At Southwark Primary School Nursery in Nottingham, staff are using observations to make their planning more immediate and meaningful for children. This is involving contributions from all staff, says nursery leader Leisa Towle

In the reception unit we are entering a period of change! We strive to provide the best opportunities for our children, but have begun to question the way that we plan, and what we actually teach the children. Are we catering for their learning needs, or are we enforcing our own ideas and teaching them things that we think they will like?

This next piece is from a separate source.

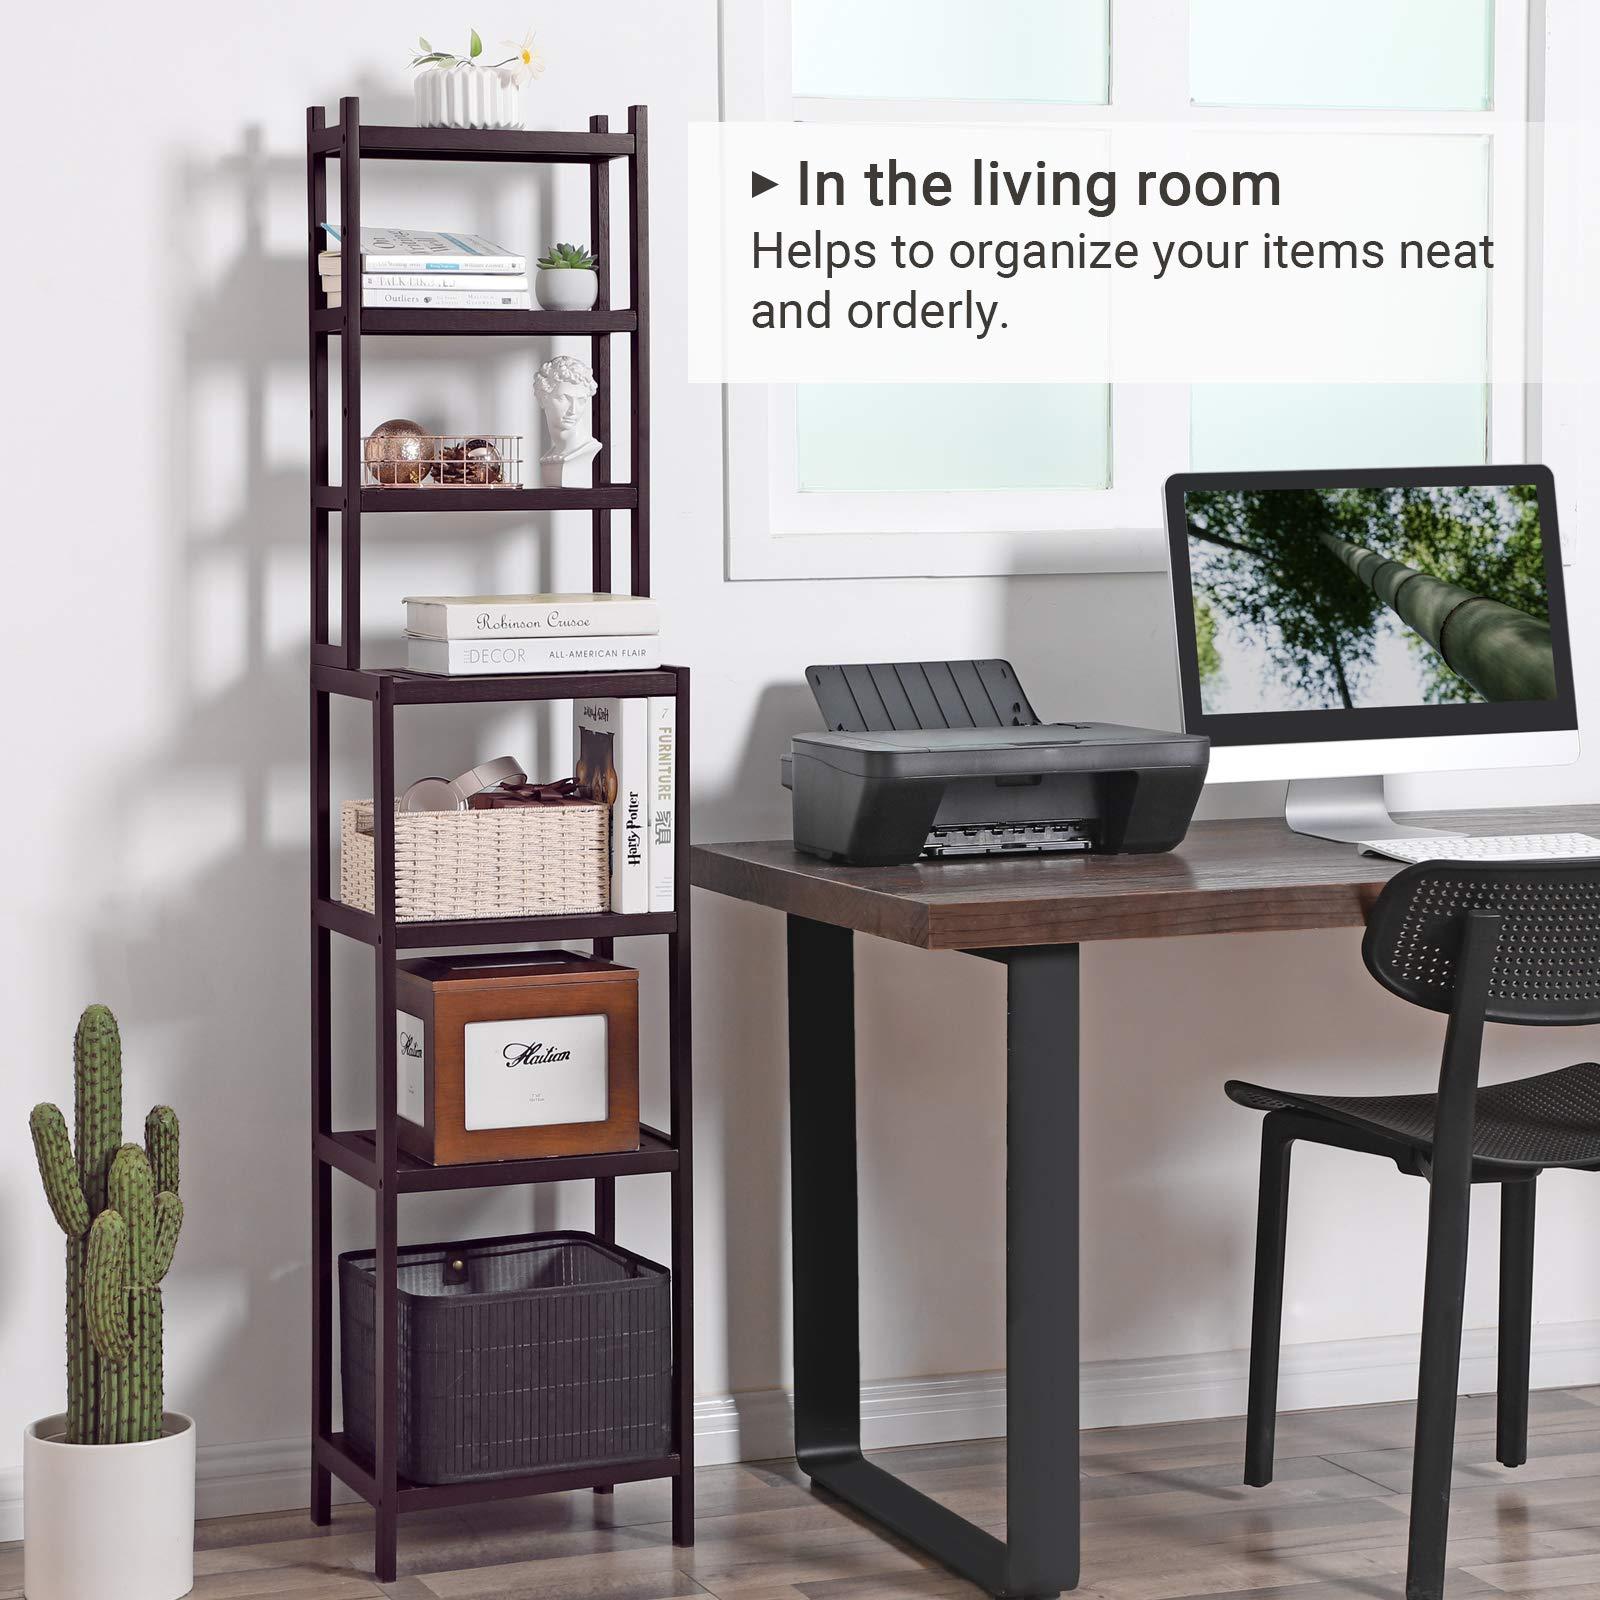 SONGMICS 7-Tier Bamboo Bathroom Shelf, 2-in-1 Design Adjustable Storage Rack, Free Standing Multifunctional Organizer, Shelving Unit for Washroom, Living Room, Kitchen, Brown UBCR01BR by SONGMICS (Image #4)

We began to think about this process back in the autumn term, when we took an opportunity to ask the children what they would like to learn about. This culminated in lots of enthusiastic voices with a keen interest in space and all things alien. From this we planned a topic about space and took the children on a fantastic trip to the National Space Centre, where they could gaze in awe and wonder at the rockets and planets, and meet Astronaut George. This was a successful topic, but it did result in hours of teacher-prepared plans directing the children in what we thought they might enjoy. We wanted to delve even deeper into the minds of our children and look closely at what they enjoyed doing each day, and how we could move them forward in their thinking.

We realised that to truly cater for the children's interests we needed to use our observations of them to plan our activities from what captivates them at that point in time. This means moving away from the comfort of well laid-out plans for topics lasting several weeks, with resources provided and objectives documented, to taking our observations and providing enhancements that have real meaning to children at the time.

We are moving away from team brainstorming sessions for one staff member to interpret and produce detailed plans, to all the team being involved in planning on a weekly basis, providing activities the children are interested in. We will no longer have a 'topic' on which to hang our objectives, but hope to be able to provide children with the opportunities they need, when they need them.